I too am coming up on a need for no-downtime HA failover for Postgres. I too am not allowed to use a hosted PaaS-ish solution like RDS. I was considering Citus's multi master impl (I don't need to spread the load, just need HA). I had not considered Pacemaker. Has GoCardless investigated this option and have any insight to give? HA has traditionally been a real pain point for traditional RDBMS's in my experience.

To be honest we've not looked into Citus in any depth.

My early impression of it (can't speak for the rest of the team) was that it was mostly aimed at sharding analytics workloads, but parts of the docs (e.g. https://docs.citusdata.com/en/v7.1/admin_guide/cluster_manag...) make it sound like it handles OLTP workloads too.

Maybe I've been ignoring it for bad reasons!

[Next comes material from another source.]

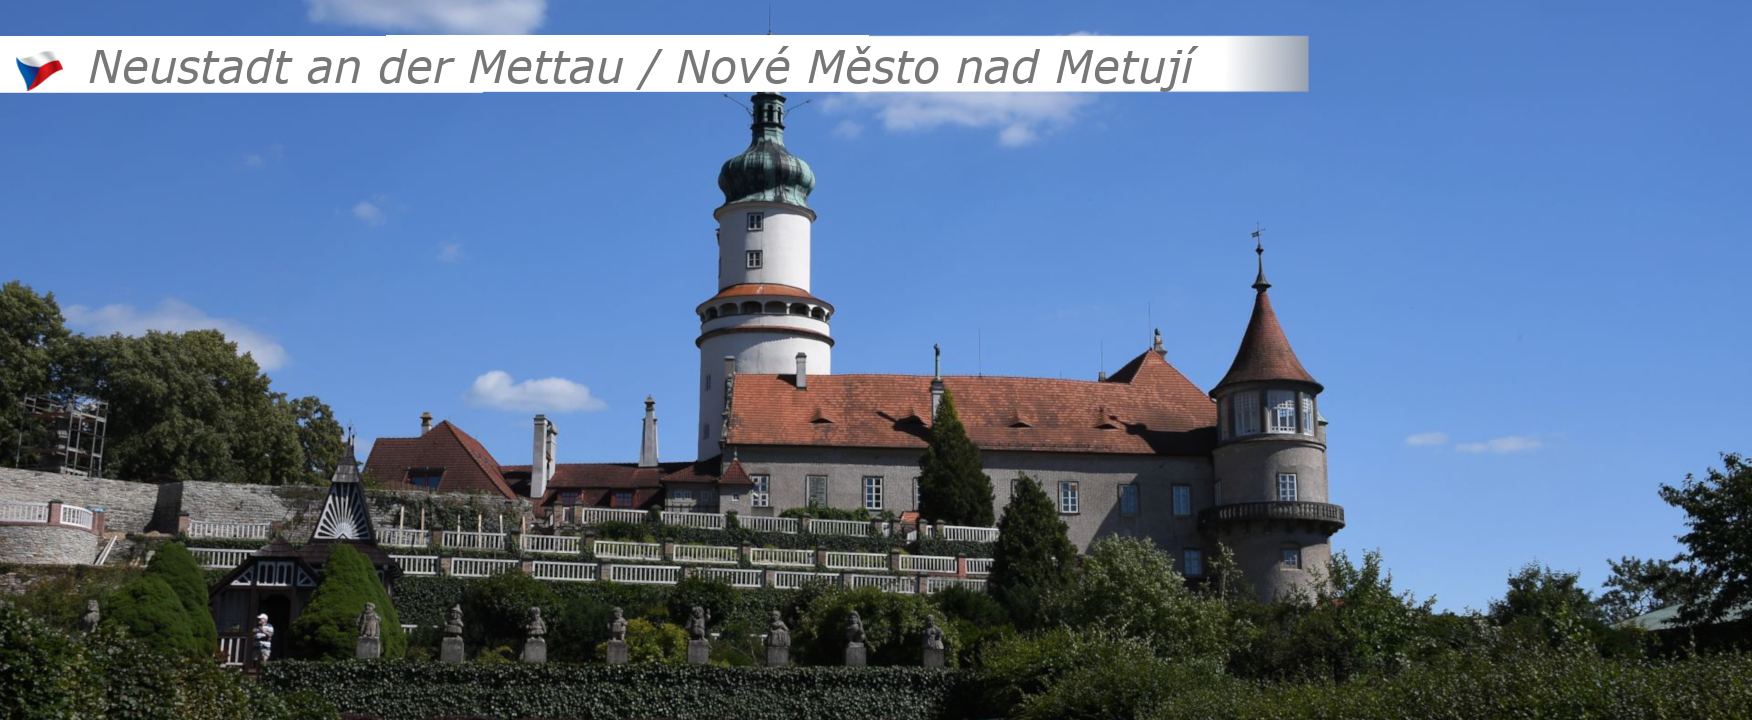 Nové Město nad Metují / Neustadt an der Mettau
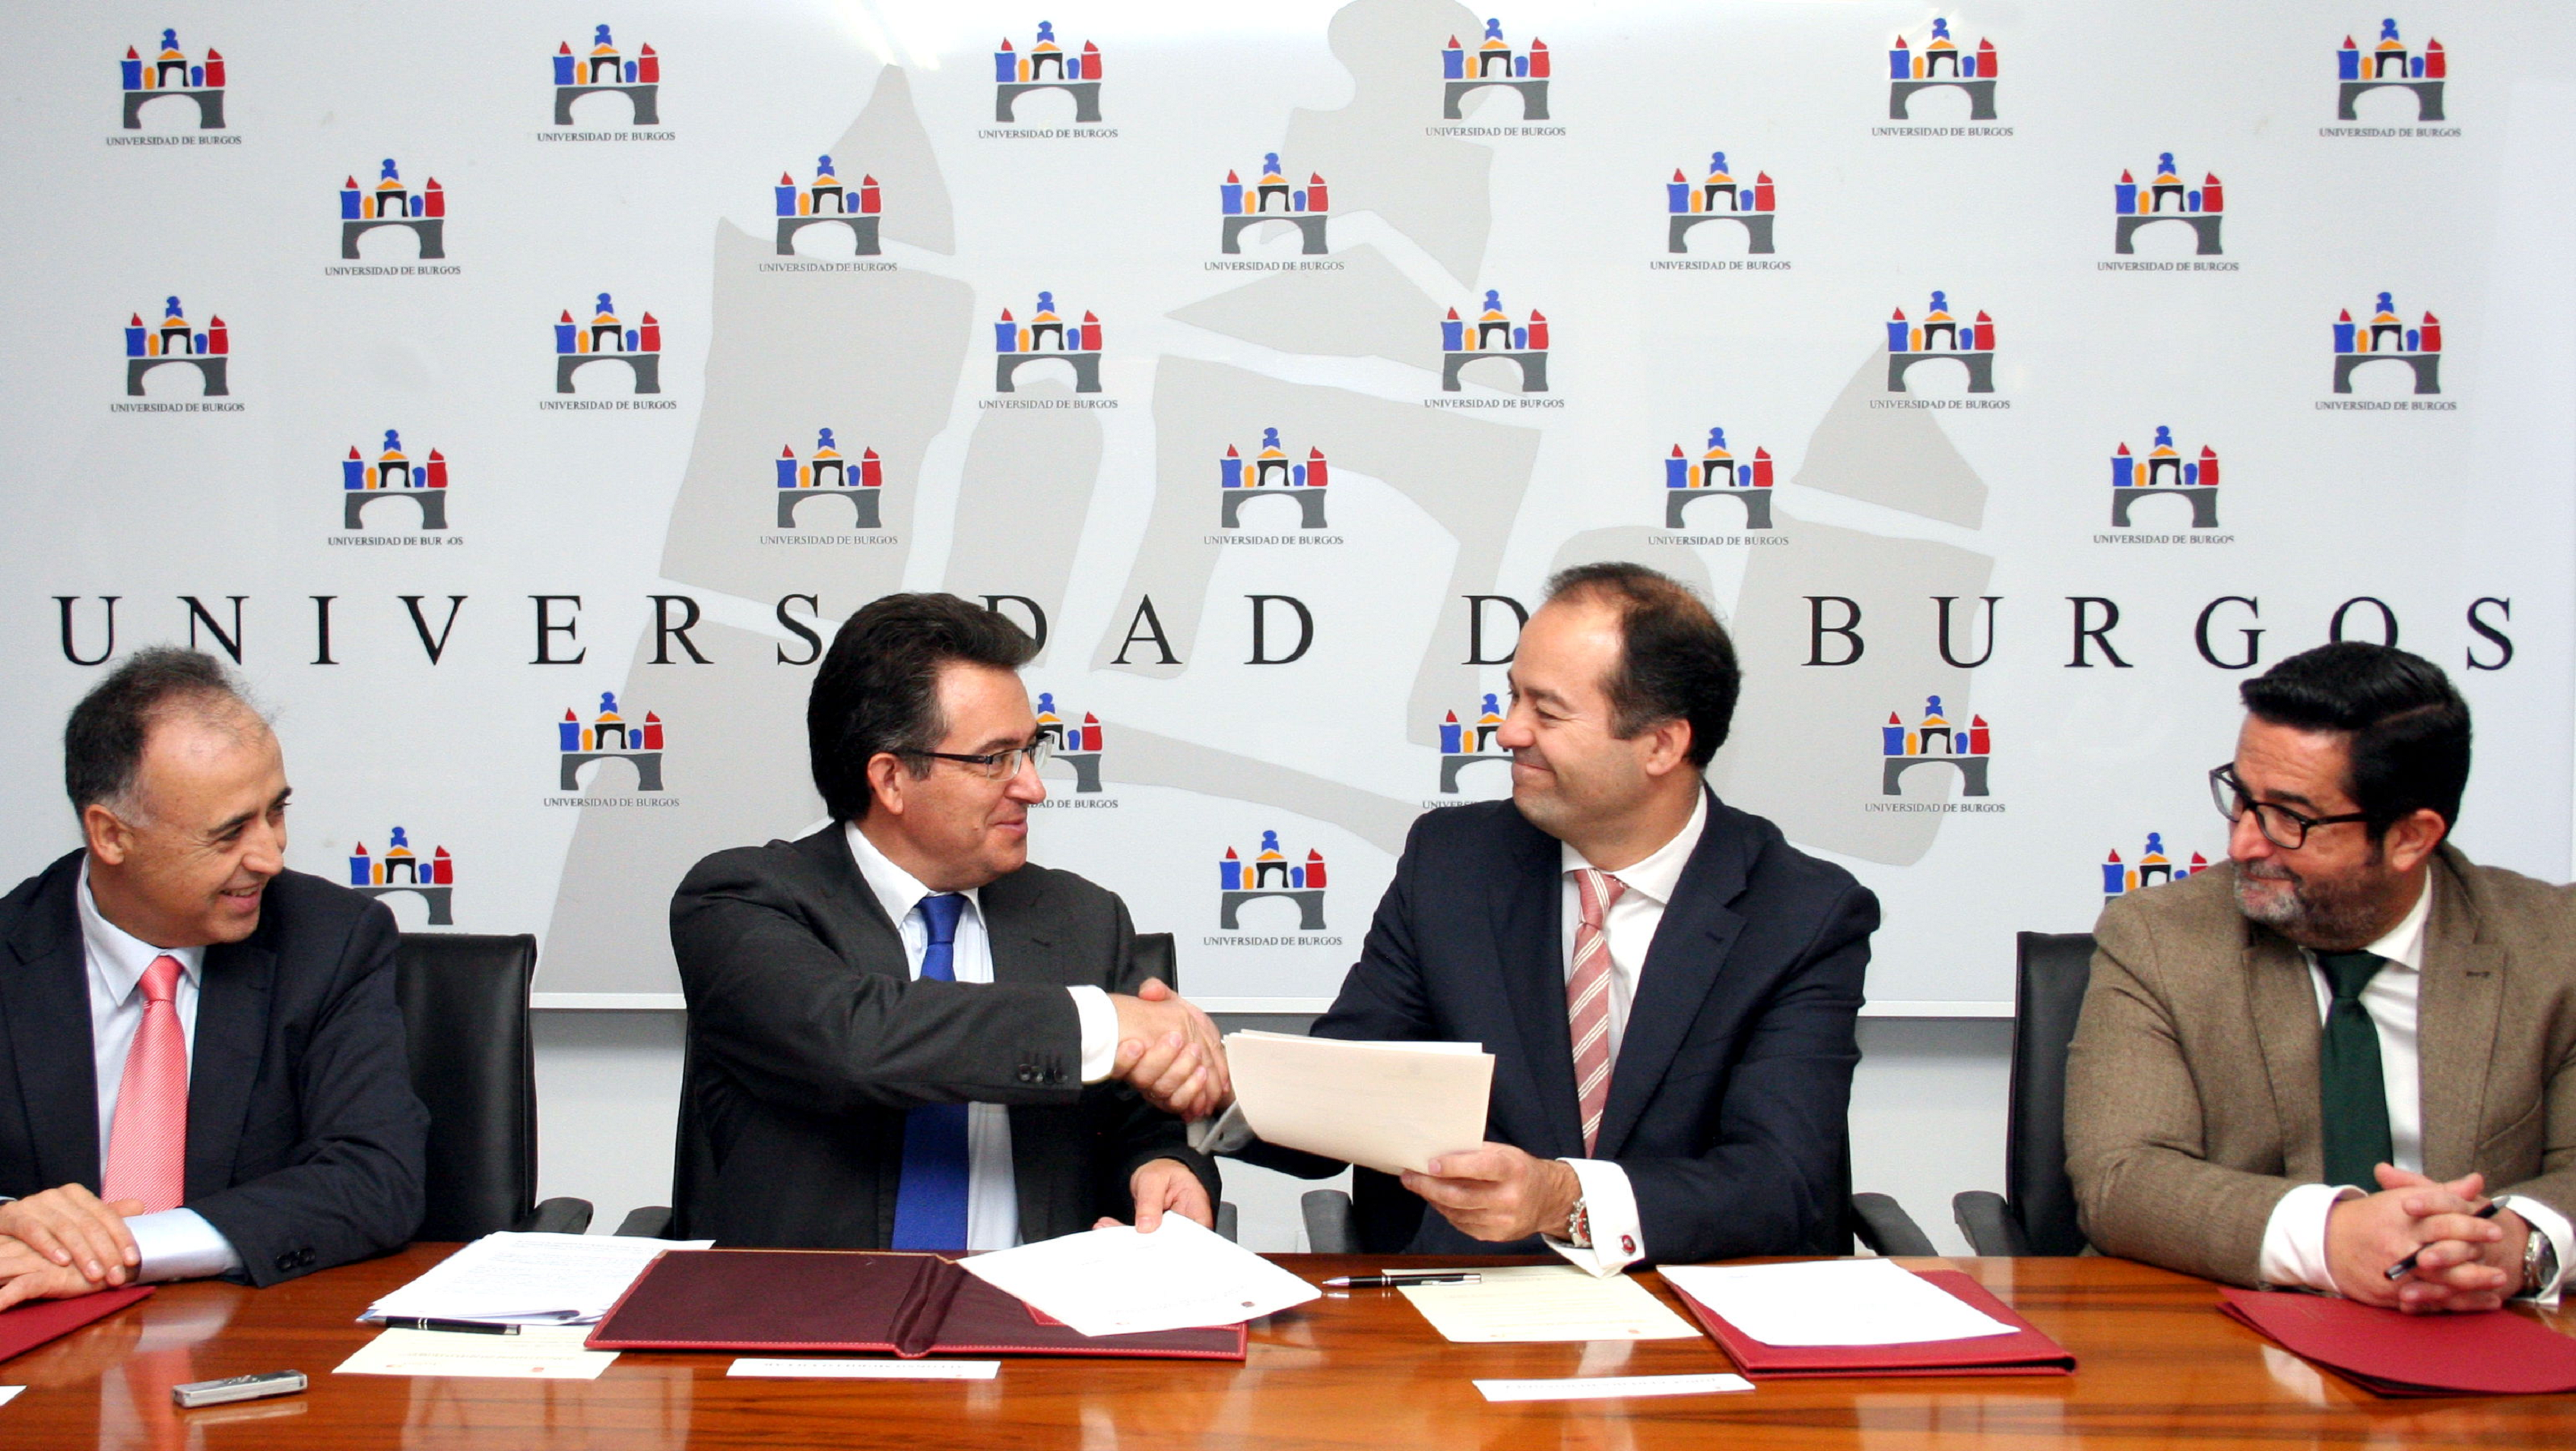 El rector de la Universidad de Burgos (segundo por la izquierda) sella el acuerdo con el director general de Keyland. Fuente: UBU.

EDIT: Managing Postgres clusters is something that a lot of people are working on. Thought I'd mention two projects that have me excited right now:

  - Patroni https://github.com/zalando/patroni
  - Stolon https://github.com/sorintlab/stolon
Stolon's client proxy approach in particular looks interesting, and reminds me of how people are using Envoy (https://github.com/envoyproxy/envoy), albeit as a TCP proxy rather than one that understands and can do fun stuff with the database's protocol. I wonder if we'll start to see more Envoy filters for different databases!